The stock ball for a right handed finger spinner has a clockwise component of spin as well as a component of top spin. The stock ball for a left-handed finger spinner rotates the anticlockwise as seen by the bowler. For some finger spinners the index and middle fingers do a lot of work, snapping, to impart spin on the ball. At the other end of the spectrum there are finger spinners who rely much more on the wrist action. Either way the wrist position at the point of release determines how the ball spins.
Wrist position for finger spinner
Wrist Position
Intended Outcome
Palm of hand facing batsman
Traditional off spinner. Side spinner.
Drift away from batsman. Turn from off to leg.
Side of hand pointed to leg slip
Stock ball - part top spin, part side spin Some turn, some dip / bounce and some drift.

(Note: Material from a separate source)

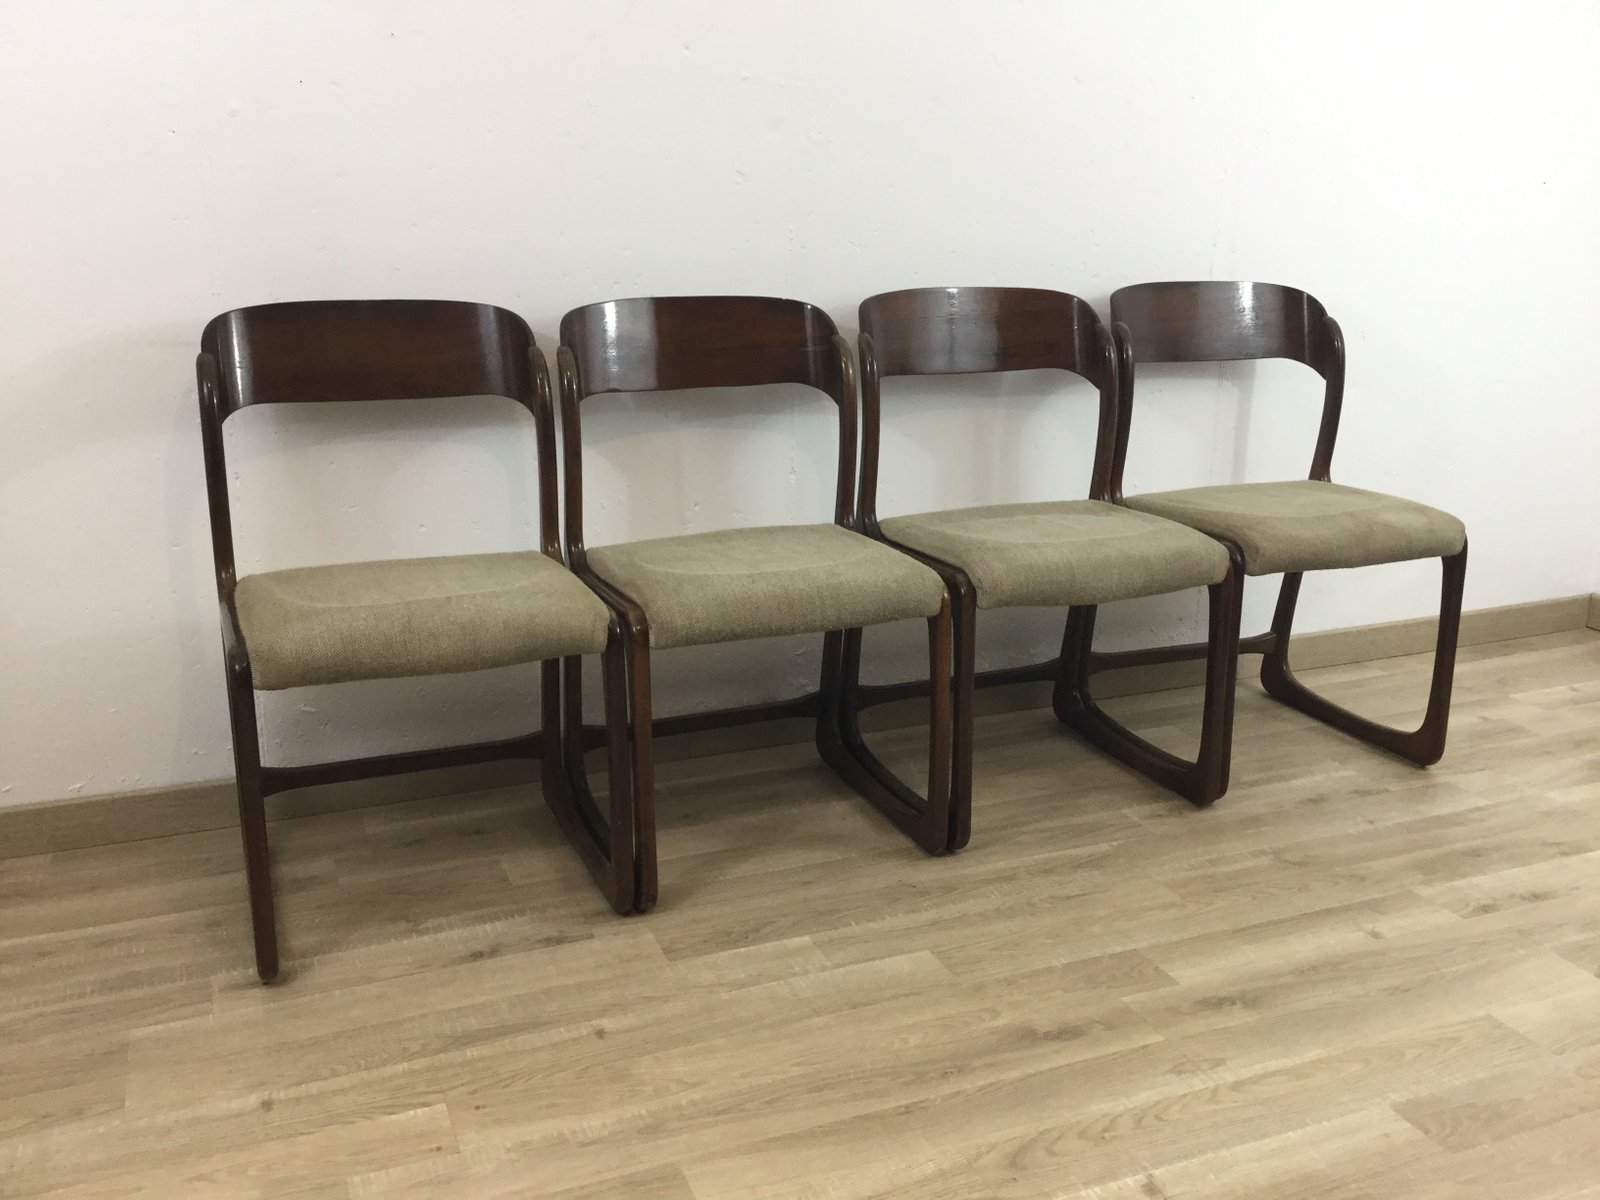 sled st hle von baumann 1960er 4er set bei pamono kaufen. Black Bedroom Furniture Sets. Home Design Ideas

Side of hand pointed to batsman
Top spinner
Dip - deceptive length.
Back of hand facing batsman
Turn from leg to off. Deception.
Back of hand facing the ground
Under cutter Drift
Traditionally, finger spinners bowled with an emphasis on side spin. With the advent of covered and better batting pitches the focus changed to bowling with a component of top spin. The top spin provides loop which makes it harder for the batsman to make an early judgement of the length of the delivery. The ball tends to be released with a slightly upward trajectory which raises the ball above the batsman's eye line. The topspin on the ball then causes the ball to dip earlier and bounce higher.
The side spin component of the delivery causes it to drift, courtesy of Bernoulli's principle. For a stock, side spin or under cutter this causes the ball to drift away from the batsman. The combination of drift, loop and spin combine to provide the finger spinner's chief threats.
A variation bowled by finger spinners is the arm ball. This is intended to deceive the batsman.
Other coaching points
Other key elements of the process of finger spin are:
* Foot alignment - a line drawn through the back and front feet should line up with where the ball is intended to pitch. Typically the back foot is nearly side on and the front foot between side on and pointing to the target. This aligns the body to deliver the ball to the target.
* Releasing the ball with the weight over the front foot. This drives the bowler's momentum towards the target. It also lets the bowler release the ball from maximum height.
* A vertical shoulder rotation that completes, for a right handed bowler, with the right shoulder pointing at the target.